Each country has an entirely different ecosystem for CSR to operate. The cultural, societal and ethnic fabric of a nation will impact the implementation of the policies. “Challenges are integral part of any initiative undertaken at community level. Add the heterogeneous nature of the existing demographies, it get further compounded. We must understand, there is no ‘one size fits all’ concept when we work with diverse communities. The geographical, cultural, social, economical, ethnical, political differences call for customization in the way projects are implemented,” observes Anurag.

Lack of awareness is definitely one of the challenges in implementation of good CSR in the country. To create awareness among all the stakeholders including local community, NGOs, Government Agencies, Corporate houses, General Public, Media etc., the donor driven approach towards CSR programs should slowly change and a multi-stakeholder approach should be followed.

“In India, CSR is currently at a maturing stage. A lack of understanding, inadequately trained personnel, coverage, policy etc. impacts the reach and effectiveness of CSR programs. A strong Government policy supported by well planned CSR strategies by companies will be helpful in setting the ground for strong CSR practices resulting in actual development of the society,” points out Ishita.

Abraham Moses, General Manager – Mindtree Foundation feels that when they work for longer periods with partners, they do not experience any challenges, but they do face certain discrepancies at the start of projects. “We try to overcome them together whenever they arise. But yes, implementation of social challenges in rural areas has their own challenges. We try to identify and address them at the grass root level so that we do not face such challenges while going up the project chain.”

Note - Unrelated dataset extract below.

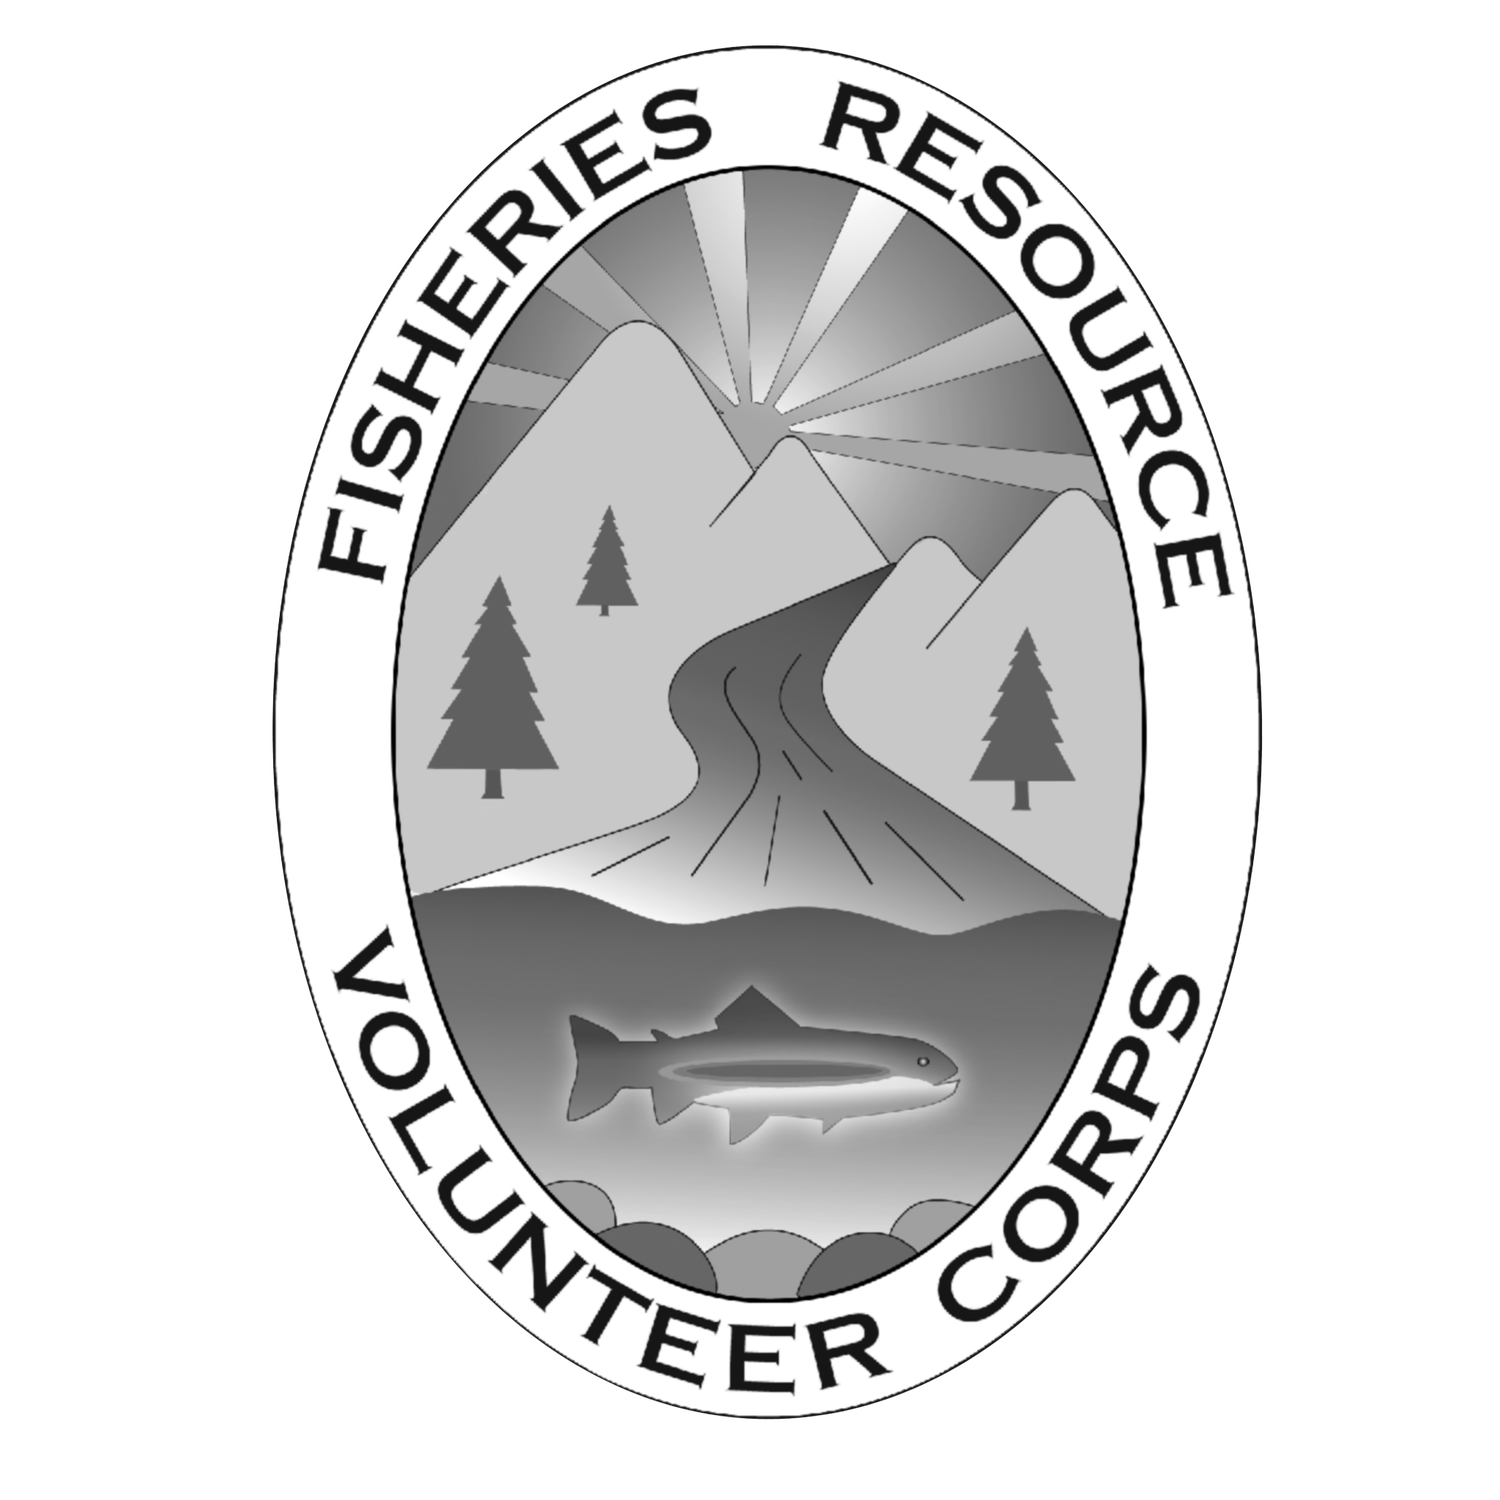 Fisheries Resource Volunteer Corps

The key is to be driven toward greater social good – where corporates need to be sensitive towards the actual needs of the communities and the civil society needs to work hand-in-hand efficiently with all the agencies involved.

In Conclusion…

CSR and sustainability have been part of the business world in the Western countries for more than a decade. In India, of late the corporate world that contributes to the macroeconomic development of the country has also been impacting the society positively through CSR initiatives undertaken at various levels. This is particularly important for a country like India where there is a huge gap between the haves and the have-not, with a majority of population still deprived of basic necessities. In the last few years, companies have started viewing it more as an effort by setting up CSR teams that plan specific policies & strategic goals for their CSR programs.

The Companies Act, 2013 has now settled the question about ‘Should CSR be mandated?’ and this makes it imperative for all corporates to focus on ways and methods to integrate CSR and sustainability into their business strategy and growth plans. “The key for all the corporate to maximize the return from their CSR investment would be in drastic transformation from “sporadically investing resources here or there, leaving no significant impact behind” to formulating projects with identified outcomes and systems for measuring progress and results,” points out Anurag.

“With the new government regulation (company’s act) and involvement of major government agencies like Indian Institute of Corporate Affairs, National Skill Development Corporation and other related agencies, am sure that CSR will move towards its objective of uplifting the society as a common cause,” maintains Sathappan.

“I strongly believe that companies need to rank healthcare and education at the top of their CSR mandate, free camps, free health check-up drives need to be set up in rural areas. All corporates along with government need to spread awareness about the importance of early diagnosis and treatment to avoid a health crisis,” says Dr Batra.

For any organization, giving back to communities should be as crucial as customer satisfaction and retention. At the same time it is also true that Businesses cannot be isolated from the communities that they operate in. The power of partnership should be worked out where corporates, governments and NGOs should look to increasingly integrate their efforts to make a substantial and meaningful impact to the society.